Marieke will investigate respiratory muscles in end-stage lung disease in the Re-MAP study, while Barbro will investigate if inhalable microplastics can contribute to the development of lung cancer.
In patients with chronic lung diseases, the role of respiratory muscle dysfunction has been underestimated. Also, current treatment options, like chronic NIV and lung transplantation (LTx), might also have deleterious effects on the respiratory muscles, and the mechanisms are poorly understood. Therefore in this exploratory study the objectives are to:
The study will be an exploratory observational cohort study following patients on the LTx waiting list during the waiting period and afterwards until they showed functional recovery of respiratory muscle function.
We will assess clinical functioning of the respiratory muscles and relate and correlate these findings to in-vitro assessment of individual respiratory myofibers, individual myofiber functioning (strength, calcium sensitivity, myofiber characteristics) and extracellular matrix characteristics, which will be retrieved from biopsies taken during LTx surgery.
The proposed collaboration of basic (AmsterdamUMC; UMCG) and clinical scientists (RadboudUMC; ErasmusMC; UMCG) offers a unique opportunity to combine non-invasive functional assessments of respiratory muscles with advanced pathophysiological analyses using tissue biopsies obtained from severe COPD patients during LTx.
Microplastic pollution is an urgent global health issue, permeating our oceans, air, soil, and even living organisms.

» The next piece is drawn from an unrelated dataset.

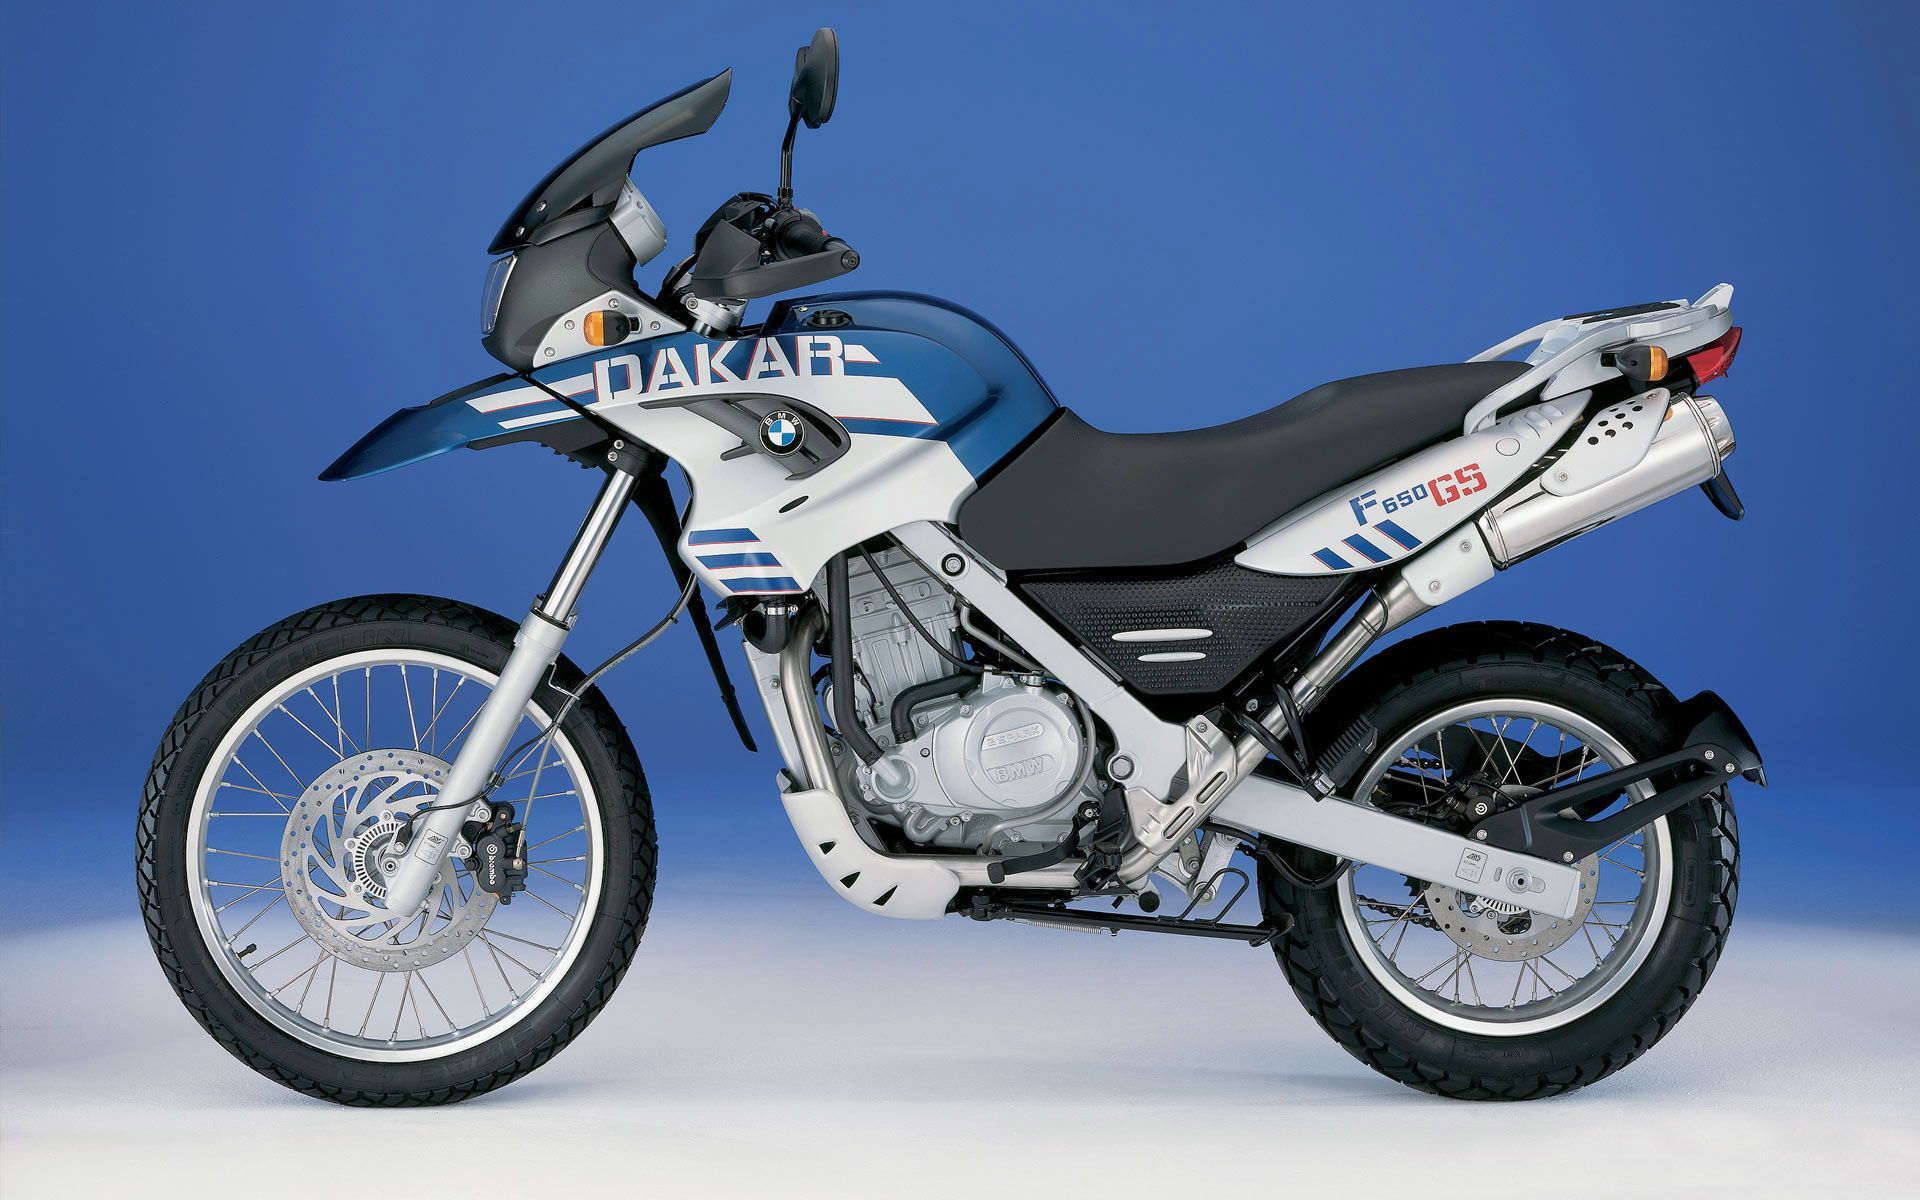 Motorcycle BMW Dakar. Motorcycle, Bmw motorcycles, Bmw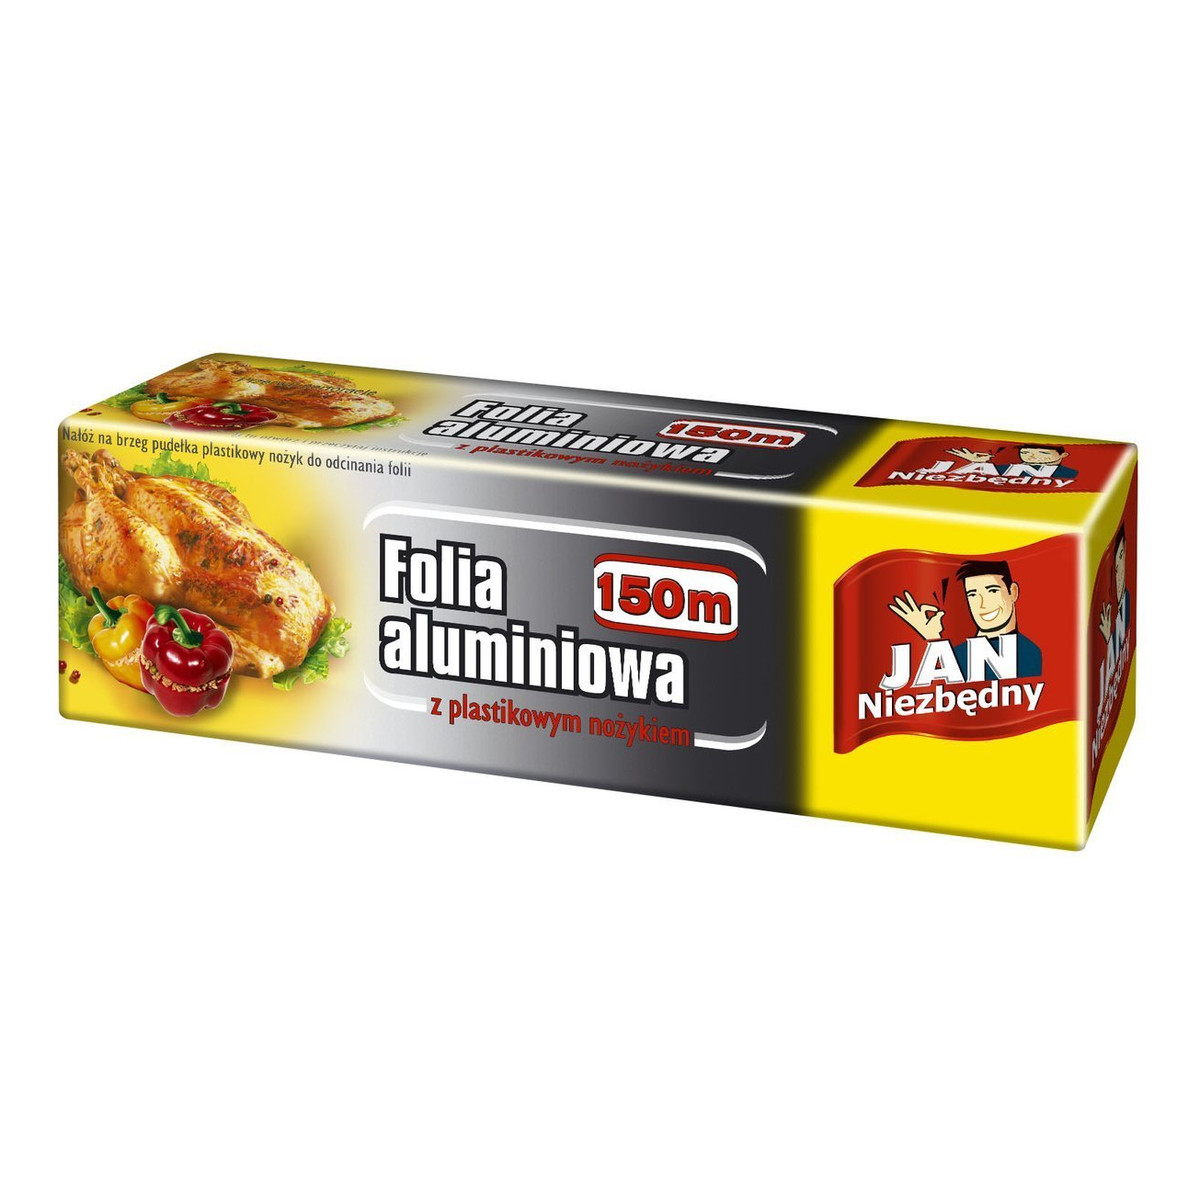 Jan Niezbędny Folia aluminiowa w pudełku 150m 1op.

These particles, typically smaller than 5 millimeters, arise from sources like synthetic textiles and degraded plastics and have become widespread environmental contaminants. Their minute size facilitates easy inhalation or ingestion, leading to potential exposure with serious health implications, particularly concerning lung health. Research has identified microplastics in human lung tissue and in both indoor and outdoor air, with higher concentrations indoors. The health risks are concerning as inhaling microplastics is linked to respiratory problems and lung cancer in industrial workers and could thus possibly contribute to cancerous nodule formation.
This research project aligns with the ZonMw Open Competitie program's goals by addressing the overlooked connection between environmental contaminants, such as microplastics, and lung cancer. Our multidisciplinary approach will investigate how microplastics may disrupt lung cell function and promote cancer, focusing on the interactions between epithelial and immune cells within the lung microenvironment. Using cutting-edge organoid models and in vivo systems, we will explore the epigenetic and functional changes triggered by microplastics, aiming to identify biomarkers and therapeutic targets. This could significantly influence public health policy and oncology treatment strategies.
Collaboration between the Melgert lab's (RUG) expertise in microplastics and lung cell biology, TNO’s expertise in and provision of well-characterised PVC and nylon particles, and the Prekovic lab's (UMCU) strength in omics and cancer biology provides a unique opportunity to uncover the cellular mechanisms by which microplastics may drive lung cancer development. By integrating these complementary fields, the project addresses ZonMw's emphasis on innovative research and tackles a critical but underfunded area of lung cancer influenced by environmental factors. The anticipated findings could open new avenues for understanding and mitigating the environmental drivers of lung cancer.